“Me pregunto si volveré a tener un cierto tipo de cercanía con una amiga íntima. El tipo de amiga con el que discutes e intercambias la ropa, la que ves en tus momentos más bajos”. Este es uno de los comentarios que aparecía escrito en el foro Reddit y llamó mi atención cuando busqué en Google la frase: “¿Por qué pierdes o dejas de tener amigos con los años?”.
Esta pregunta que lancé motivada por el contenido de este artículo en cuestión, también la hice de forma autobiográfica, pues yo misma he sido testigo de cómo he dejado de sentirme bien con personas que antes me parecían amistades incondicionales, que finalmente acabaron siendo extraños con los que ya no me gustaba hacer planes.
Has de saber que si a ti también te pasa, es porque atravesar la treintena conlleva muchos cambios: nuevas metas, mayores responsabilidades y, en muchos casos, una inesperada sensación de aislamiento porque ya no te divierte lo mismo que a otros.

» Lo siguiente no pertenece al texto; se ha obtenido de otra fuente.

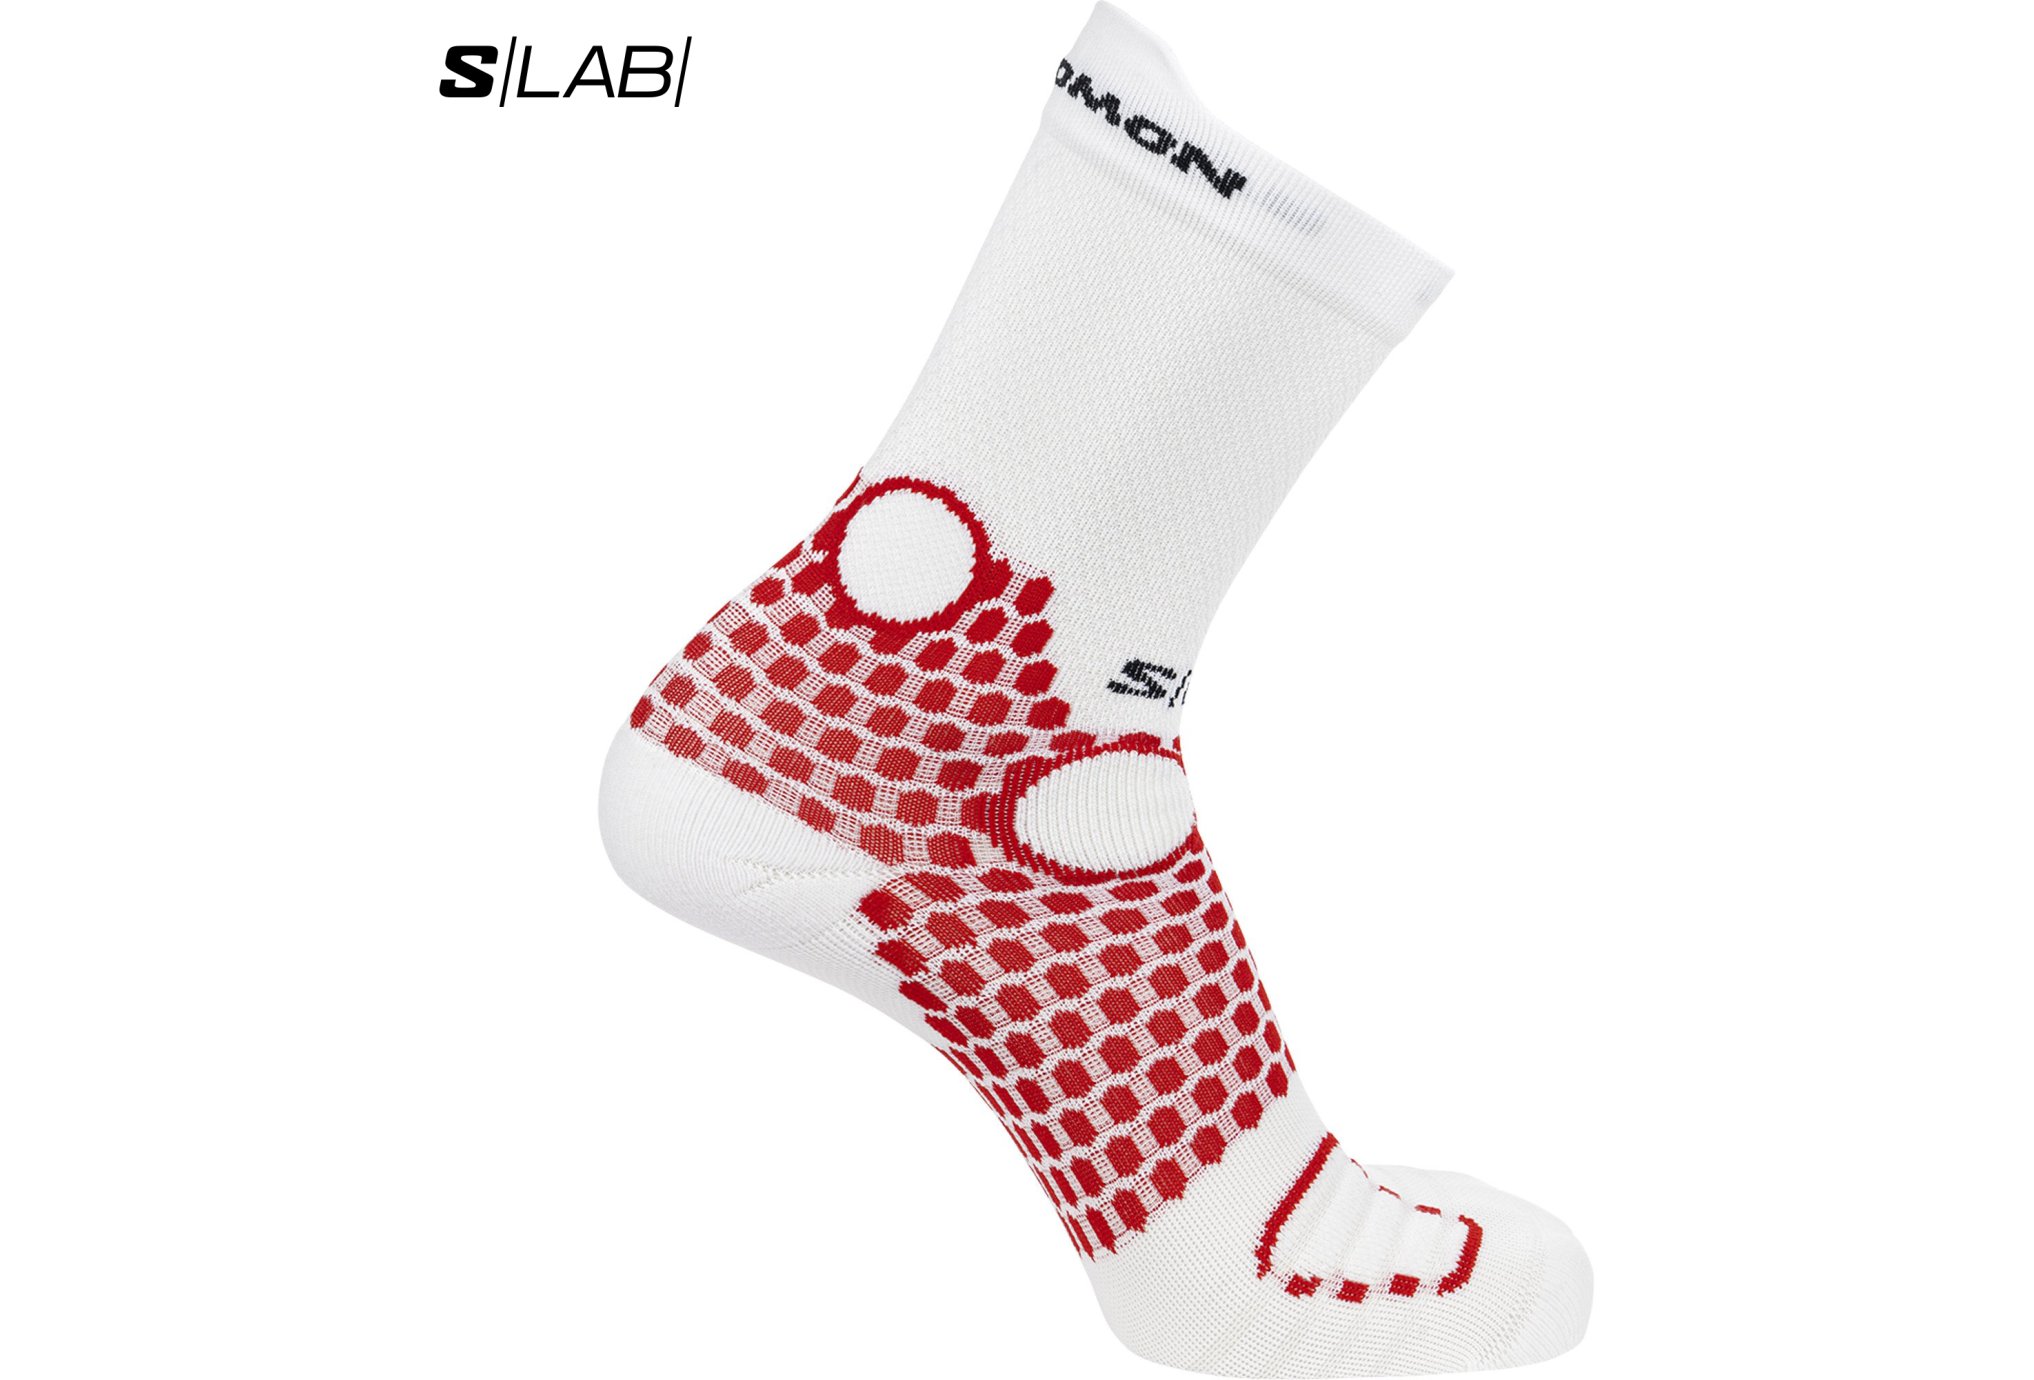 S/Lab Pulse Ankle - Chaussettes unisexes

Aunque solemos asociar la soledad con etapas más avanzadas de la vida como la vejez, cada vez más personas en sus 30 o 40 se enfrentan al reto de mantener vínculos sociales significativos más allá de lo que les dura una pareja. ¿Qué está pasando?
De noches intensas a encuentros programados
En la adolescencia y juventud, las amistades se viven con intensidad. Salidas espontáneas, conversaciones que duran horas, risas compartidas y planes que se encadenan sin descanso. Pero, con el paso del tiempo, ese ritmo cambia. Las prioridades se reordenan: el trabajo, las parejas, la crianza o incluso el autocuidado gana terreno.
Lo que antes era una rutina de encuentros constantes, se transforma en planes esporádicos agendados con semanas de anticipación y que llegado el día de ir te encantaría haber rechazado. A veces incluso te has sorprendido a ti mismo fingiendo estar enfermo para quedarte toda la tarde solo en un maratón de tu serie favorita de Netflix.
El café rápido antes de una reunión, la cena de cumpleaños o el evento cultural se vuelven tediosos. Y aunque seguimos valorando esas conexiones, también crece la necesidad de desconectar.
No es solo cuestión de tiempo: el cerebro también influye
Más allá del ritmo acelerado de la vida adulta, la ciencia está empezando a entender que este cambio también tiene raíces biológicas. Un estudio reciente de la Universidad Tecnológica de Nanyang, en Singapur, ha arrojado luz sobre cómo el envejecimiento impacta directamente en nuestra capacidad para relacionarnos.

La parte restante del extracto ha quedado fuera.